Up to 2015, 60 live birth cases had been reported with OTC in adult patients. However, the total number of re-implantation performed in each center until that time was unknown; thus, no success rates could be concluded (19). Prior to menarche, only one live birth following the autografting of cryopreserved tissue has been published (20), at least to the best of our knowledge. In 2015, Donnez et al (19) published a large case series (n=111) which revealed a pregnancy rate proportion of 29% (n=32). Two women delivered 3 babies each, proving the efficacy of the technique and the possibility of conceiving naturally after only one procedure.

The most worrisome concern of OTC is the possibility of the re-introduction of carcinogenic cells into the cured patient or the subsequent malignant transformation of the ovarian tissue, which has been already reported (21). For this reason, a thorough examination of the ovarian tissue prior to cryopreservation and reimplantation is required.

Ovarian transposition (oophoropexy)

This procedure aims to prevent ovarian damage during radiation therapy by relocating the ovaries away from the radiation field. Therefore, it will be of use in women who will undergo pelvic or low abdominal radiation therapy without additional gonadotoxic chemotherapy (22). According to the radiation field outlined by the radiation oncologist, the surgeon will decide the optimal location in the abdominal wall for ovarian transposition. Altogether, the ovaries will not be harmed by the therapy and ovarian failure will be prevented. The procedure is normally performed laparoscopically before the commencement of radiation. Success rates are not conclusive, as they vary from 16 to 90% (23).
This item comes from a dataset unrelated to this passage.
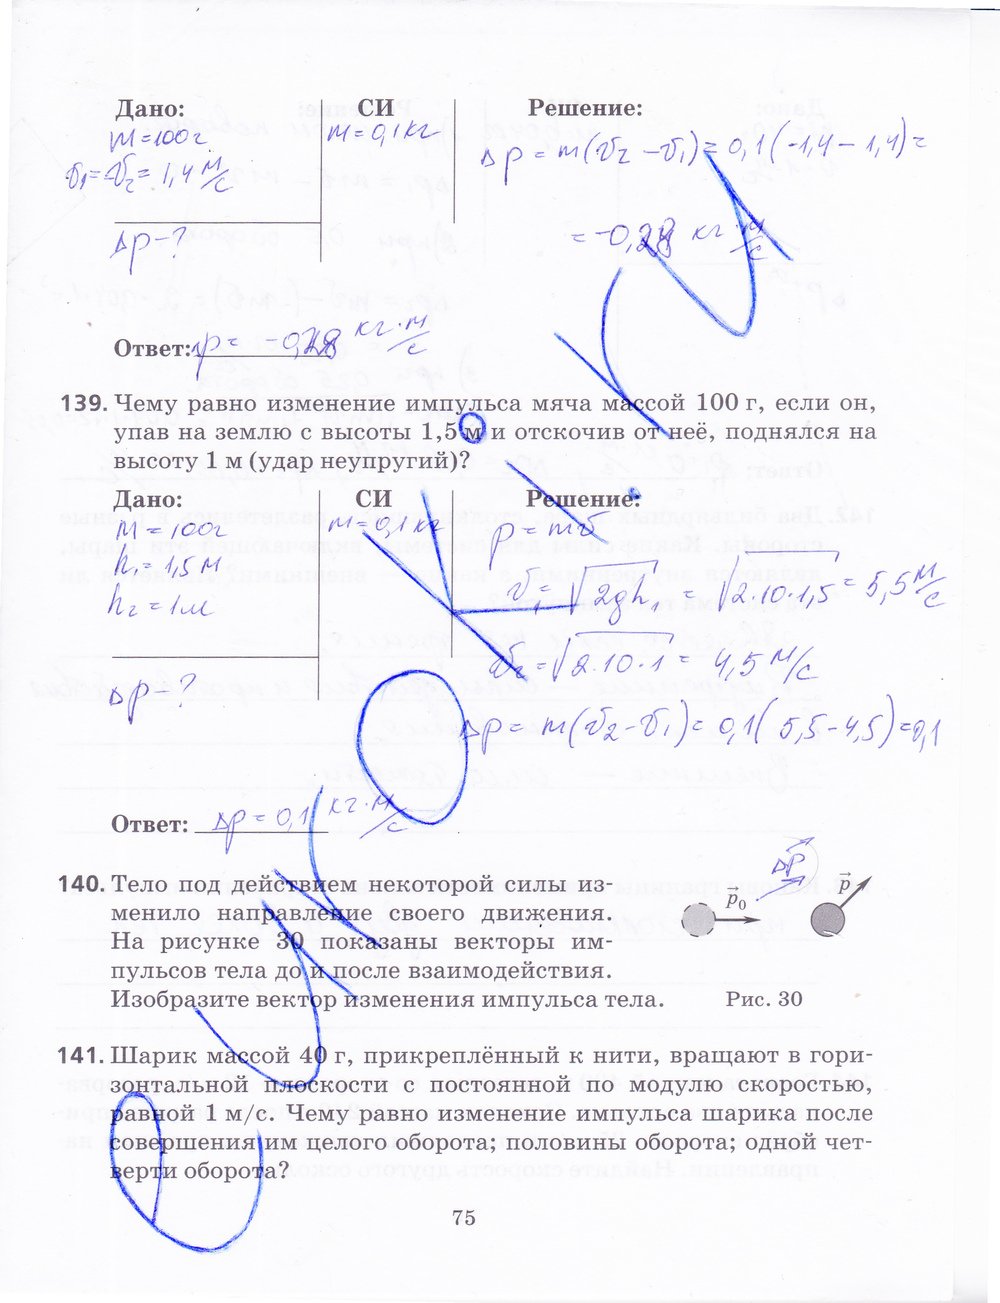 ГДЗ Физика Пурышева 9 класс Рабочая тетрадь Номер стр. 75
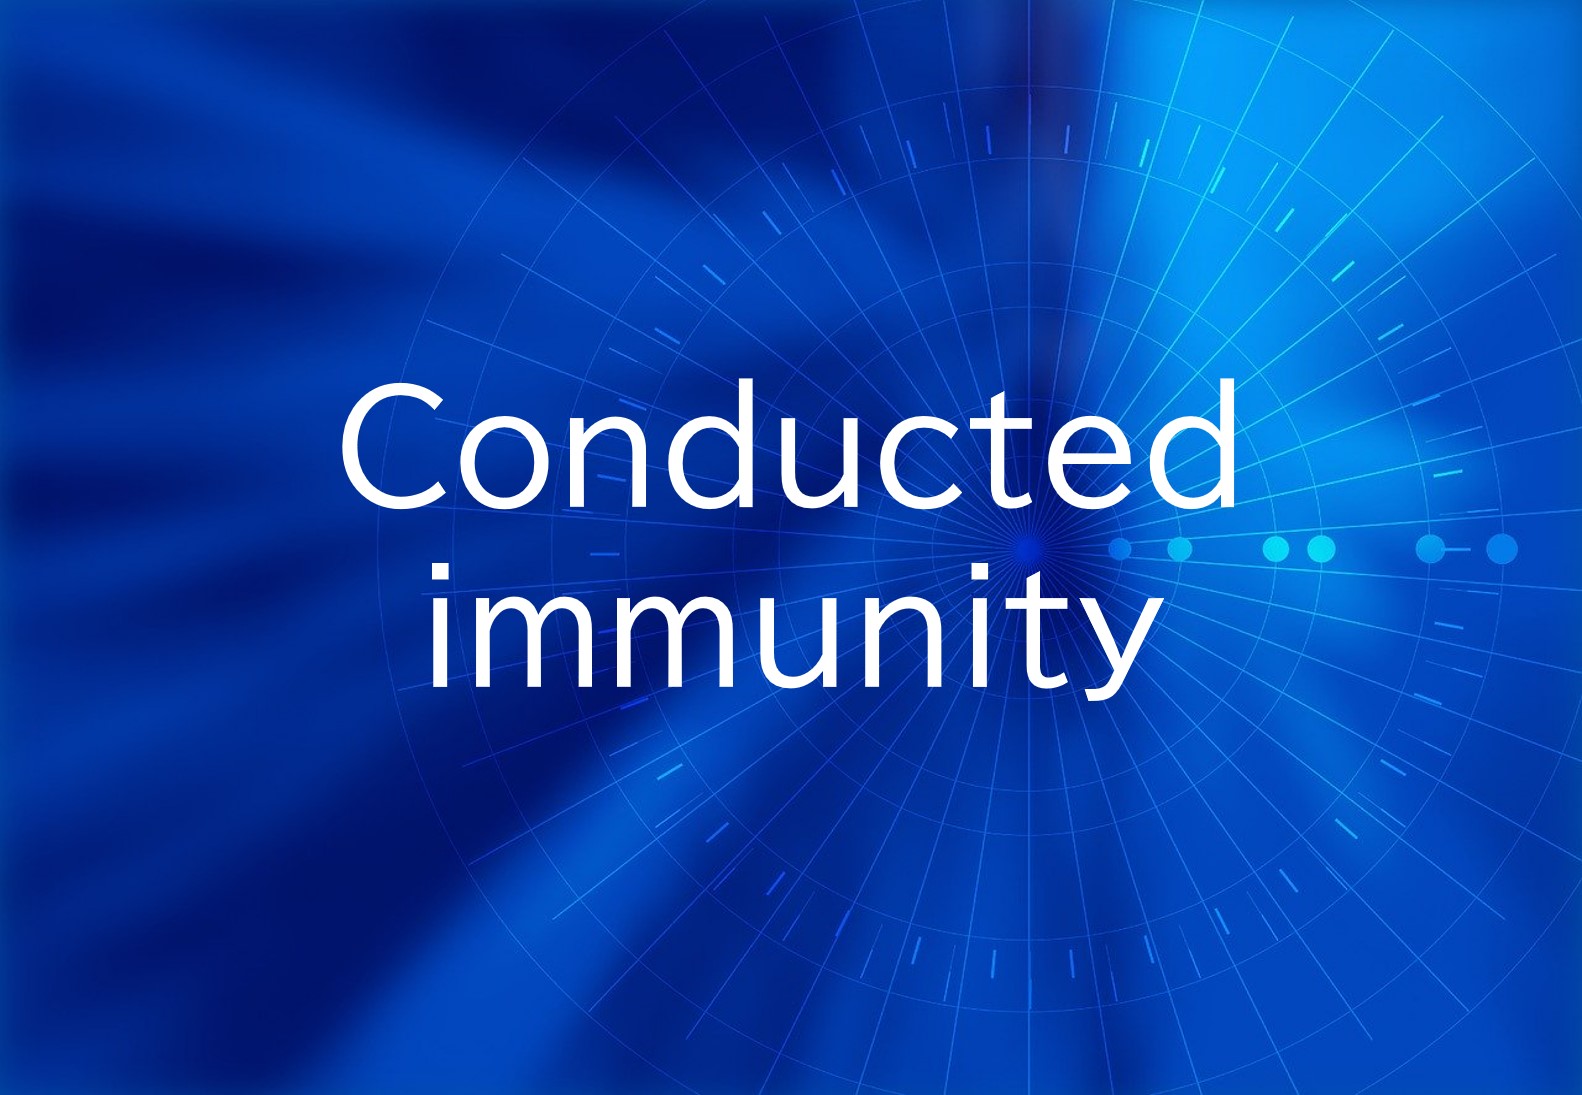 Conducted immunity

Fertoprotective adjuvant agents

Another approach to preserving fertility is to protect the follicles during oncological treatment by administrating fertoprotective agents. One example is the use of GnRHa agonists, which are administrated 10 days prior to the commencement of thechemotherapy. GnRH analogues interfere with the hypothalamic-pituitary-gonadal axis and inhibit the ovarian function by suppressing gonadotrophin levels to prepubertal levels (3). Two meta-analysis of randomized trials concluded a reduced risk of POF in young breast cancer patients (24,25), whereas its use was unclear in ovarian cancer and lymphoma (25). Another study demonstrated no effect in young patients with lymphoma (26). The quality of the evidence is insufficient to draw meaningful conclusions; high-quality studies are required to examine the long-term effects of the use of GnRHa on premature ovarian insufficiency (POI).

Emerging techniques

Activation of ovarian follicles

Cryopreserved ovarian tissue from prepubertal patients and patients with POF contains immature primordial follicles, which need to be activated in order to begin developing. This can be induced either in vivo [by interrupting the Hippo signaling pathway (27)] or in vitro, prior to autotransplantation, by activating the phosphatidylinositol 3-kinase (PI3K)/phosphatase and tensin homolog (PTEN)/protein kinase B (AKT)/Forkhead box O3 (FOXO3) pathway, which regulates primordial follicle activation in oocytes (27). This pathway also plays a crucial role in the follicle-stimulating hormone (FSH) stimulation of granulosa cell differentiation in antral follicles and in oocyte maturation of preovulatory follicles (27). This may be a promising fertility option for prepubertal patients and patients with primary ovarian insufficiency, whose cryopreserved tissue contains immature primordial follicles suitable for this technique. In vitro protocols involving the PTEN/AKT pathway are being developed in order to increase the pool of viable activated follicles available for in vitro growth (IVG) procedures (28).

In vitro follicle culture

This technique may be an option for patients who require urgent oncological treatment, and therefore are not good candidates for oocyte or embryo cryopreservation, such as patients with acute leukemia or acute myeloblastic leukemia (AML). OTC is the available option momentarily for these patients. However, the possibility of re-seeding original cancer cells from the ovarian tissue exists, and therefore other alternatives need to be raised.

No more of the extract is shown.